SarmaHybrid

Overview

This repository aims to implement a scientific machine learning model in a scenario where only parts of the system (in terms of variables and variable interactions) are known. The test case chosen fr thsi approach is a MAPK cascade model by Sarma and Ghosh (2012). The repository contains an implementation of their model (currently only S2, S1 to be implemented later) and a hybrid version of the same model where some intermediate species are taken out, see Figure 1 below, which is a slide from a presentation I had given.

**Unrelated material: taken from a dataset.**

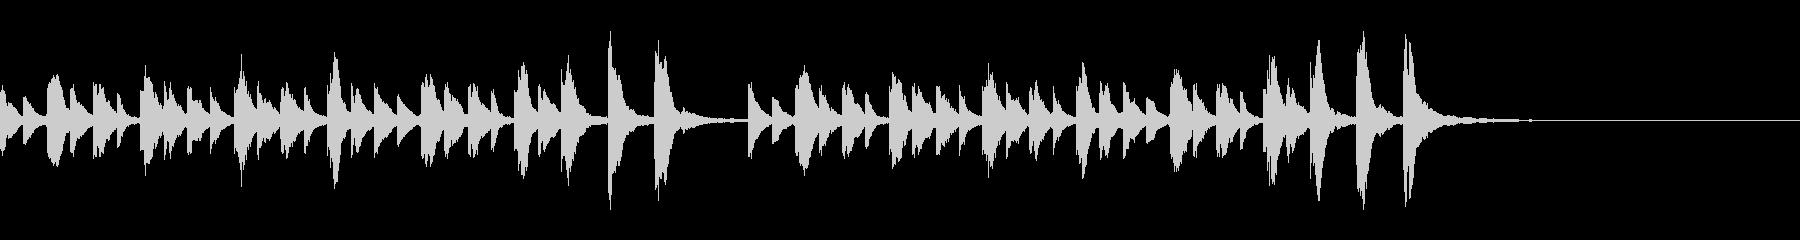 マレット系の可愛らしいメロディチャイムの未再生の波形

The hybrid model contains augmented neural ODEs which both link the disjoint parts of the model and provide additional dimensionality to represent the missing variables.

Package installation

Package installation should be as simple as:

import Pkg
Pkg.add("https://github.com/dom-linkevicius/SarmaHybrid.jl")

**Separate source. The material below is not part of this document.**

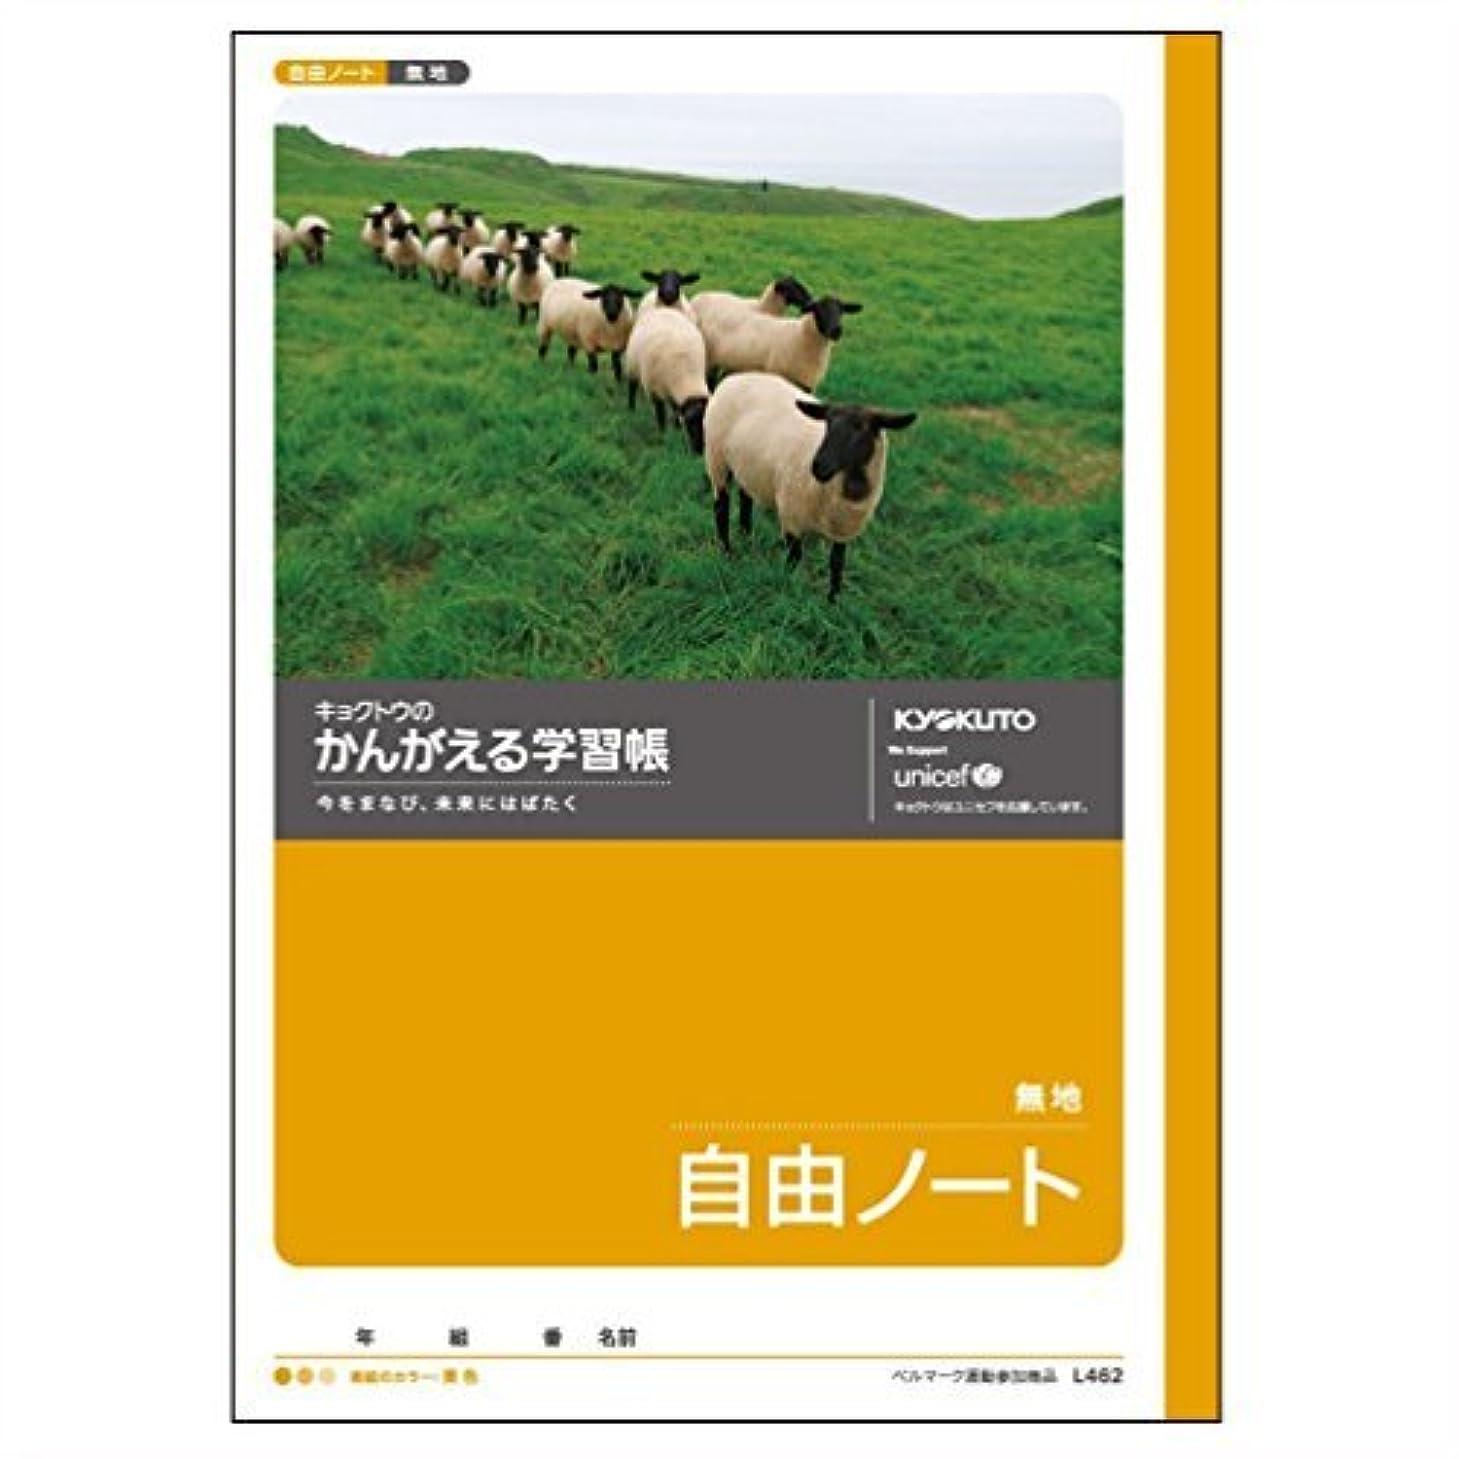 達成する十二農民キョクトウアソシエイツ L462 自由ノート おまとめセット【3個】

If there are any problems with this, please raise an issue.

Brief overview of current package functionality

The package currently implements $v_1$ - $v_{10}$ for model S2 from Sarma and Ghosh (2012), various functions that wrap them so that for use with DifferentialEquations.jl and Flux.jl, a data generation function gen_gauss_input_data which generates data with narrow gaussian pulses of $Signal$ molecule, a hybrid model function hybrid_model_s2 and functions that take a parameter array P and produce predictions (predict_node_gaussian), $L_2$ loss over the true species (loss_node), as well as two convenience functions do_plot which plots comparisons between the true data and the hybrid model data, and callback which stores data and calls do_plot.

Example usage

### Importing packages
import SarmaHybrid
import Distributions
import Flux
import Optimization
import Optimisers
import OptimizationOptimisers
import IterTools


dt = 0.1  ### time-step for data saving

### data generation using the model S2
N_TRAIN 	= 10  ### Number of simulations to run
const TSPAN_TRAIN 	= (0, 500)  ### Time span of the simulations
const SAVE_T_TRAIN	= TSPAN_TRAIN[1]:dt:TSPAN_TRAIN[2] ### Array of times for which data will be saved
INIT_TRAIN 	= SarmaHybrid.init_concs ### Initial concentration, taken from Sarma, Ghosh (2012)
const max_u0 = maximum(SarmaHybrid.init_concs()) ### Used for scaling the concentrations to a range of 0 to 1
INP_DISTS_TRAIN = [2:6, Distributions.Uniform(TSPAN_TRAIN[1], TSPAN_TRAIN[2]-TSPAN_TRAIN[2]/5.), Distributions.Uniform(5/max_u0, 500/max_u0)]  ### Array of objects used to sample the parameters for input functions: # of inputs, timing of inputs, amplitude of input 

TRAINING_DATA, TRAINING_INPUTS_T, TRAINING_INPUTS_A = SarmaHybrid.gen_gauss_input_data(N_TRAIN, TSPAN_TRAIN, SAVE_T_TRAIN, INIT_TRAIN, INP_DISTS_TRAIN) ### Data generation proper


n_spc   = 9	### number of real species
aug_dim = 1 ### augmented dimensionality in aNODEs
h_dim = 5	### number of NN hidden units
o_dim = 2   ### number of variables needed to link the real species


net = Flux.Chain(Flux.Dense(n_spc + aug_dim, h_dim, Flux.celu),  ### neural network definition
 				 Flux.Dense(h_dim, h_dim, Flux.celu),
		 		 Flux.Dense(h_dim, o_dim + aug_dim))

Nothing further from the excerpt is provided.